Tuesday, December 21, 2010

The Paradox of the 111th Congress

Lily Ledbetter. SCHIP expansion. Biggest stimulus ever. Serve America Act. Credit CARD Act. Tobacco Prevention. Cash for Clunkers. Hate crimes inclusion for LGBT. Pay-Go. Health care reform. Student loan reform. Reform of veterans' care. Financial regulation. Small business jobs. Yet another round of (somewhat suckier) stimulus. DADT repeal. The START treaty. Sound familiar? These are the things the 111th Congress has gotten done. That's the biggest and best list of legislative accomplishments since at least the LBJ days.

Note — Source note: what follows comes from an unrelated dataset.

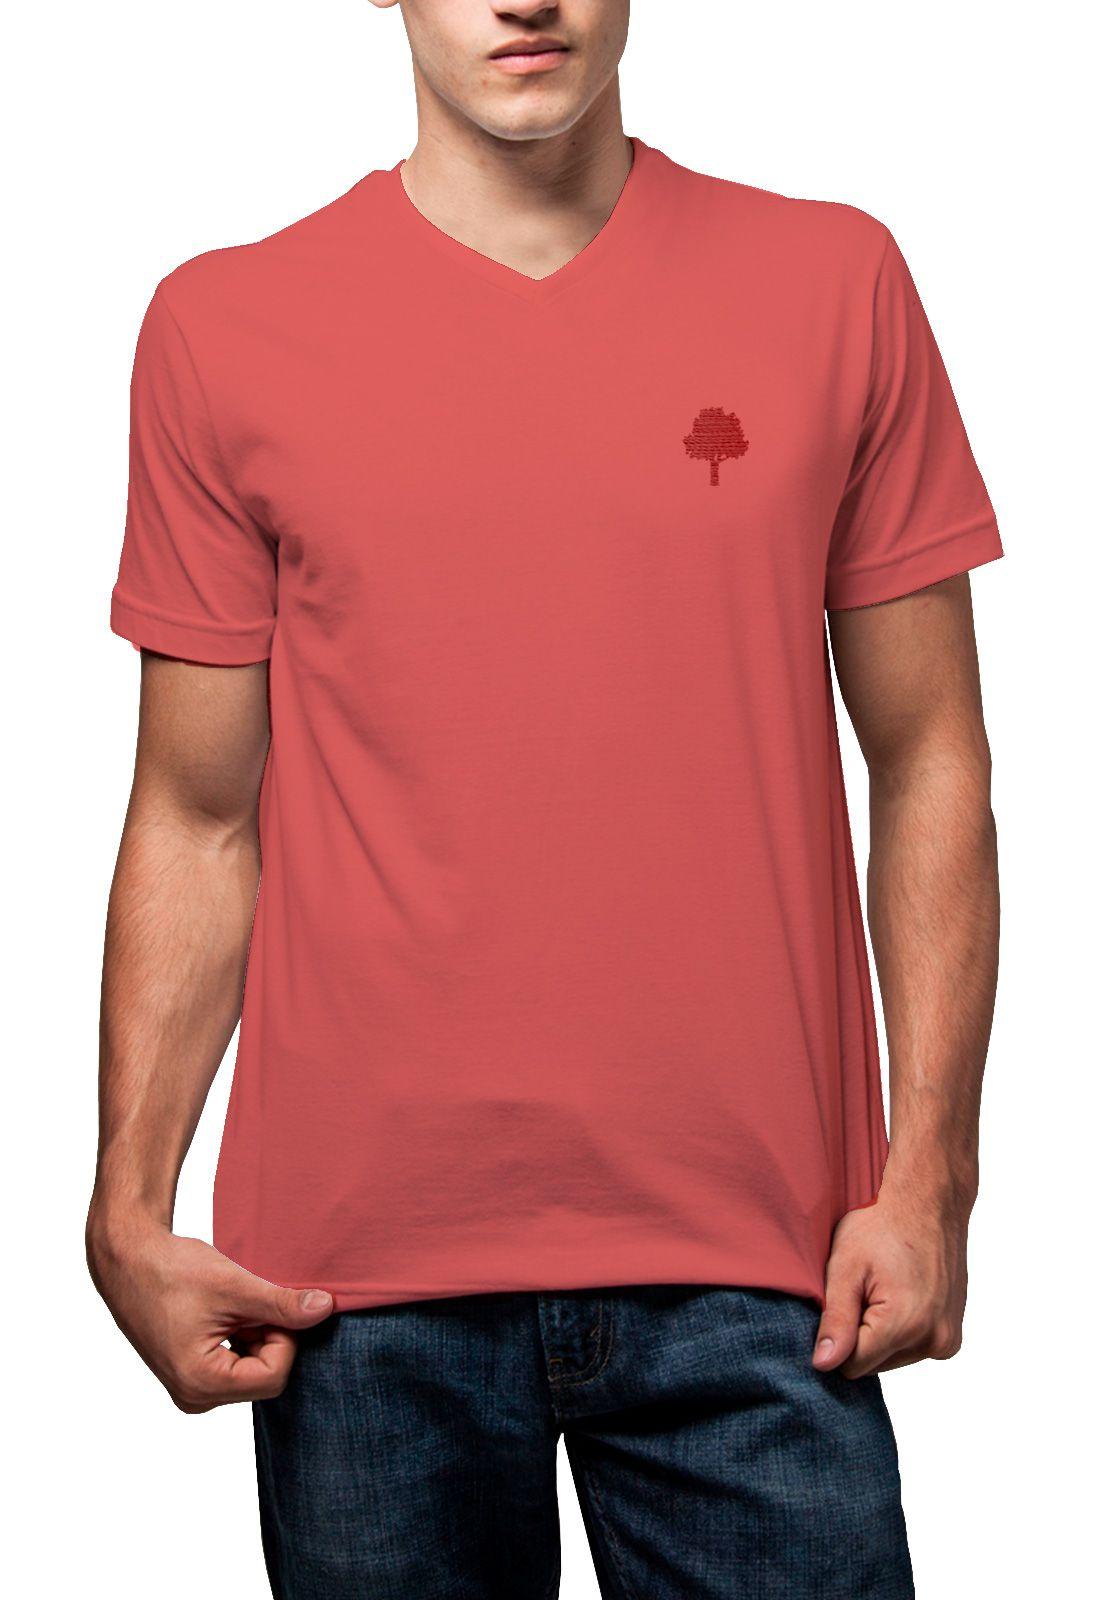 Camiseta Amazônia Básica Árvore Bordada Gola V - Vermelho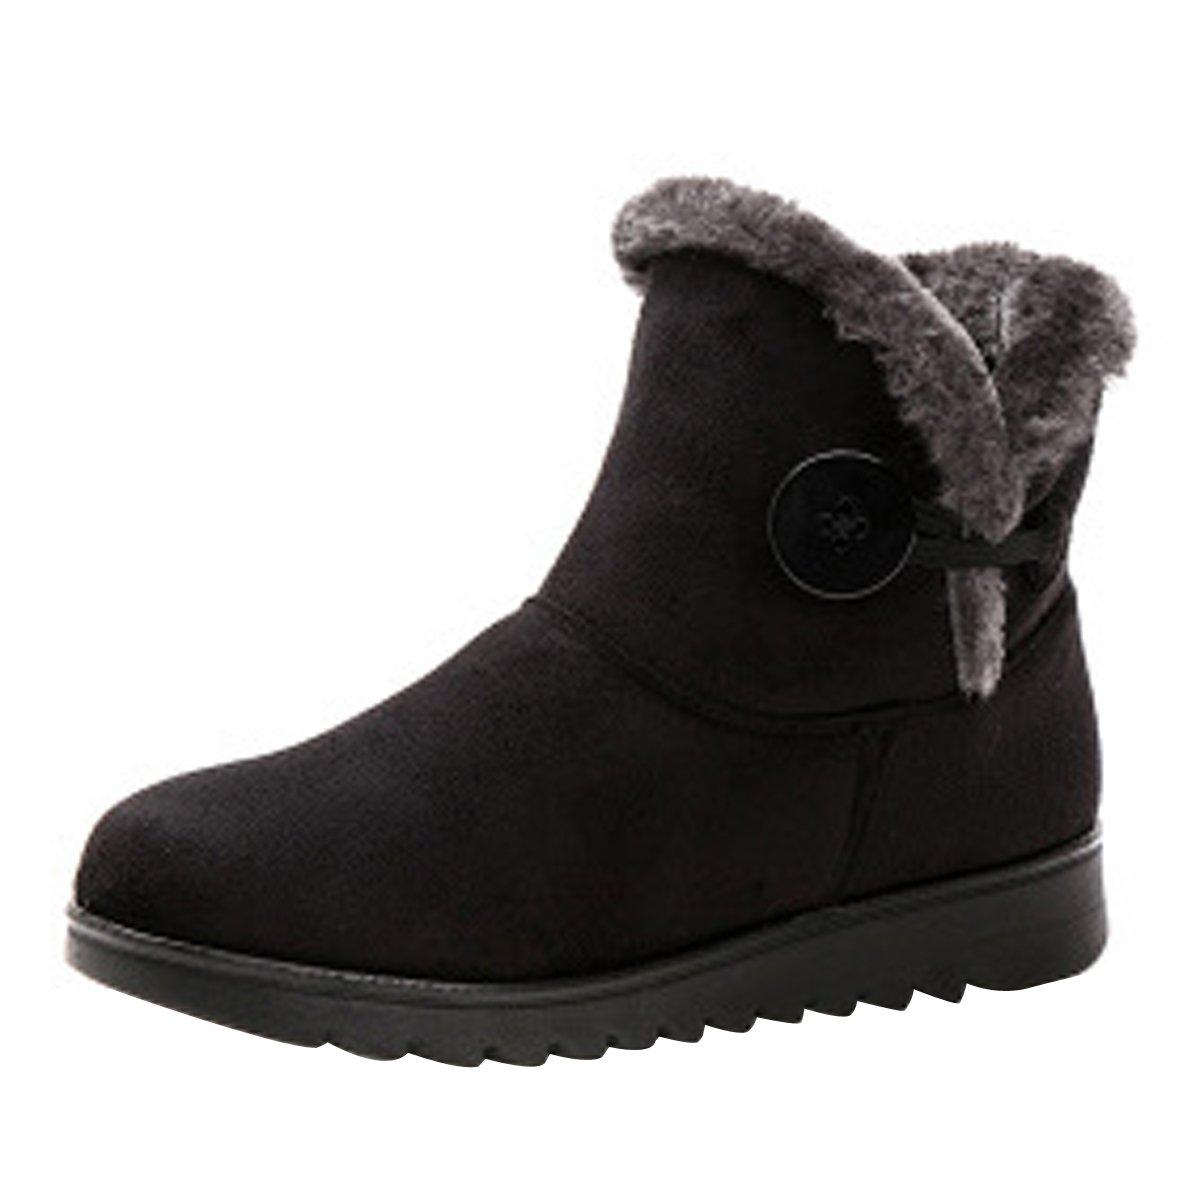 VFDB Women Winter Botton Snow Ankle Boots Fur Warm Platform Slip On Booties

But of course, we have the impression that this Congress represented a new step down the road to total gridlock and obstructionism and nothing ever getting done. Why might that be? I dunno, but it could be because...

One party had a 59-41 majority in both Houses of Congress!!!!!

Usually, when that happens, you expect that it will simply do Everything It Wants. And that's how it should be: both Houses of Congress are set up so that getting to that 18% majority is really, really hard. It represents a simply phenomenal victory, usually in multiple consecutive elections, and indeed, that's what the Democrats had. Between 2006 and 2008, 0 Democratic Senate seats changed hands, along with just 5 House seats (2 of which for flagrant corruption), while the Democrats picked up 14 Senate seats and 56 House seats. When that happens, and you have almost three-fifths of both Houses of Congress, the voters have spoken as plainly as voters ever speak that you ought to rule the roost for the next two years. And of course, here's another litany:

Bigger stimulus! Public option! Cap and trade! Stricter financial regulation! Ending the Bush tax cuts! Immigration reform! The DREAM ACt! Letting Guantanamo close! Employee free choice act! Repeal of DOMA!

That's an awfully long list of things that didn't get done in this Congress, despite the fact that most of them probably had 50 votes in the Senate and 218 votes in the House for the entire time. This is what we call a FAIL. And these are just the things that Congress considered doing, not the things it would've been nice if it had managed to do but it was clear from the beginning that it wasn't going to have the time to think about it.

And more to the point, I think it's instructive not just to look at legislative victories on paper but on the substance of the policies. Again, 59-41 majorities in both Houses, with some of the most liberal Democrats the Congress has ever seen. So, what were their Big Legislative Victories? A one-third tax cuts stimulus. Health-care reform that bent over backwards to keep the private insurers running the show. Financial regulation that didn't place any particularly hard-and-fast rules on banks. Tax cuts for the rich! A nuclear arms treaty with Russia. For god's sake, a small business jobs bill! These are not the priorities of liberal Democrats. Most of them were the priorities of mainstream Republicans fifteen years ago, and some of them were John McCain's priorities as recently as the day before he lost the election.

Now, some may look at this and say, yes, wonderful, so a lot got done but it was bipartisan! But if everything is always to be bipartisan no matter how resounding the electoral victories, then elections no longer matter. And if elections no longer matter, then we don't have a democracy. Maybe we have something else that is working for the time being, but it ain't democracy. Elections ought to matter, and the election of 2008 had a pretty resounding message. Voters elected a guy promising health-care reform with a strong public option, a cap-and-trade system to put a price on carbon emissions, and education reforms, and ideally comprehensive immigration reform if there was time left over. And they gave him the biggest legislative majorities anyone's seen in this country since Jimmy Carter (yeah, that Jimmy Carter). And he got... well, none of those things, really: he compromised out a debatably essential part of one of them, and just plain didn't get the other three.

This is how you reconcile the appearance of gridlock with the reality of accomplishment: in a sane legislative chamber with this kind of majority, we would have had a lot more get done. Something like what the 111th House of Representatives got done, and mind you, essentially none of the changes made to accommodate the Senate were because the median Senator wasn't on board with what the House passed.